What lured me up the hillside was the splash of green I spotted from my kitchen window. It was right at the base of the maple where I remembered seeing tall spikes of green first thing last spring. Wiggling with happy anticipation, I pulled on my boots, zipped up my jacket and headed out.
“March Fool!” a knot of little kids laughed from a corner of my mind as I saw that the green I had spotted wasn’t fresh sprouts at all, just ferns left over from last year.
“No!” I shout at the taunting voices. “It’s April Fool, not March. Go home.” They turned and faded into the mental mist, still giggling that I was fooled.
“Even so,” I said, turning to the fern. “You’re quite lovely.” It agreed that I could take its photo in honor of its grace. I thanked it and bid it fare well.

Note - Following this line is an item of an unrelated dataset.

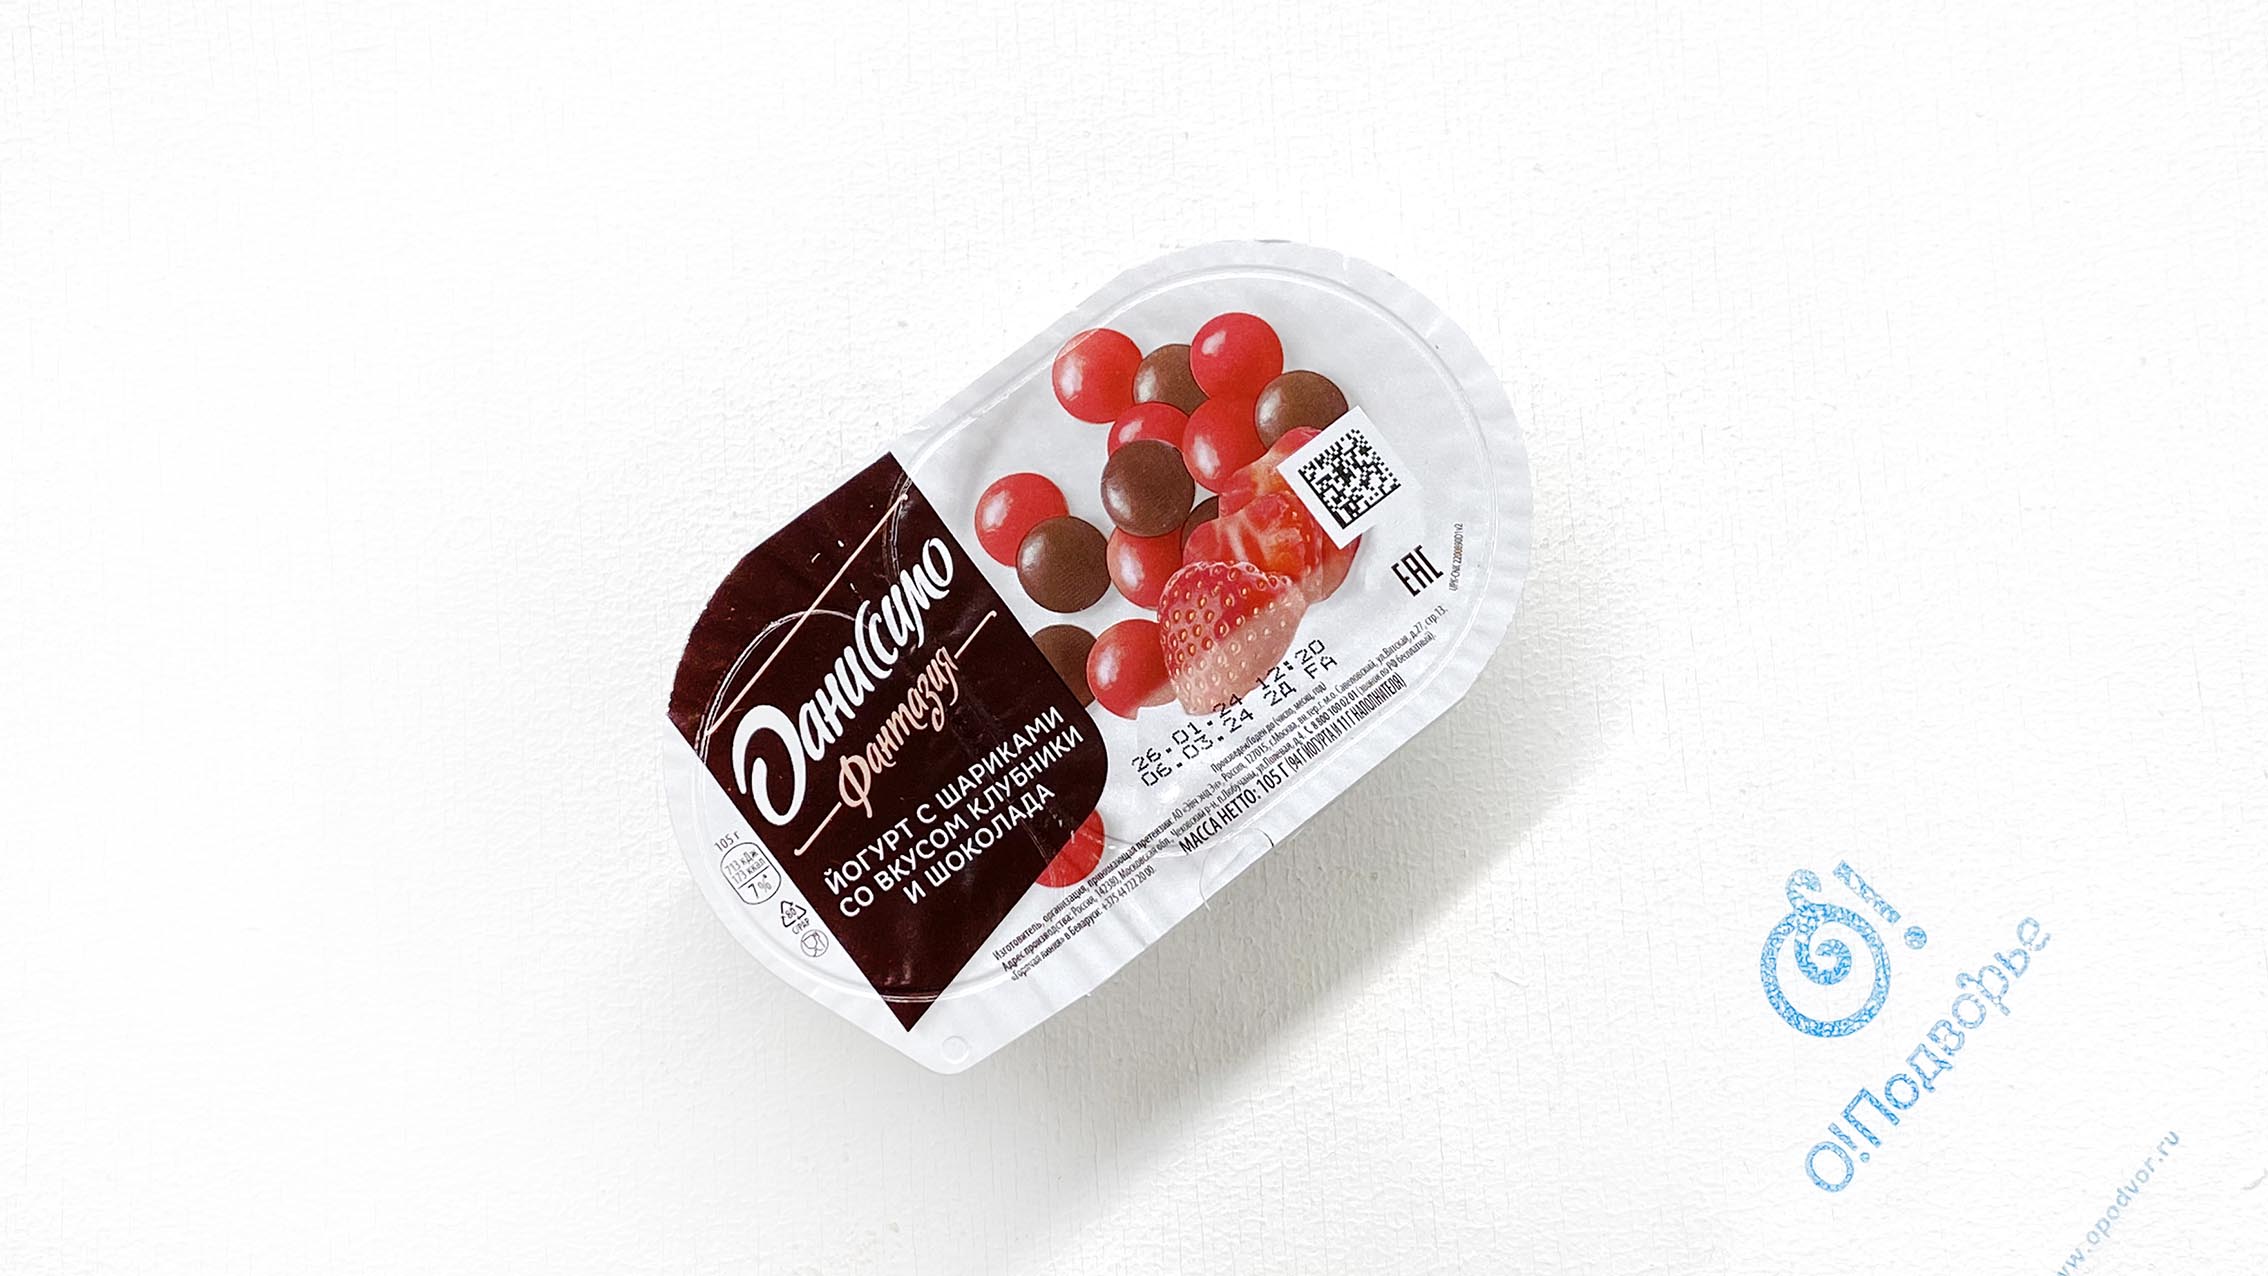 Йогурт с шариками со вкусом клубники и шоколада "Даниссимо фантазия", АО "Эич энд Эн", 105 грамм, (Зл)

I looked up the hill to choose a path for my climb. A cat seemed to be trapped in the bark of the maple’s trunk there before me. Or was it an owl? You decide.
The stump to the east looked like a horse’s head with its deep brown eye and the green foam around its mouth, proof that it breathed deeply before it finally fell.
And right here at my feet, the roots of a towering giant are decorated with bouquets of seeds and twigs, fallen leaves and lingering ferns, as if others had come before me, leaving gifts on its moss-painted toes.
Then, high above me, a crow’s call cut the air. Looking up, I saw the silhouette of the trees waltzing in the breeze. For a minute or two, I stood at their feet waltzing with them. Then I climbed back down, heading home, glad to have been a March fool.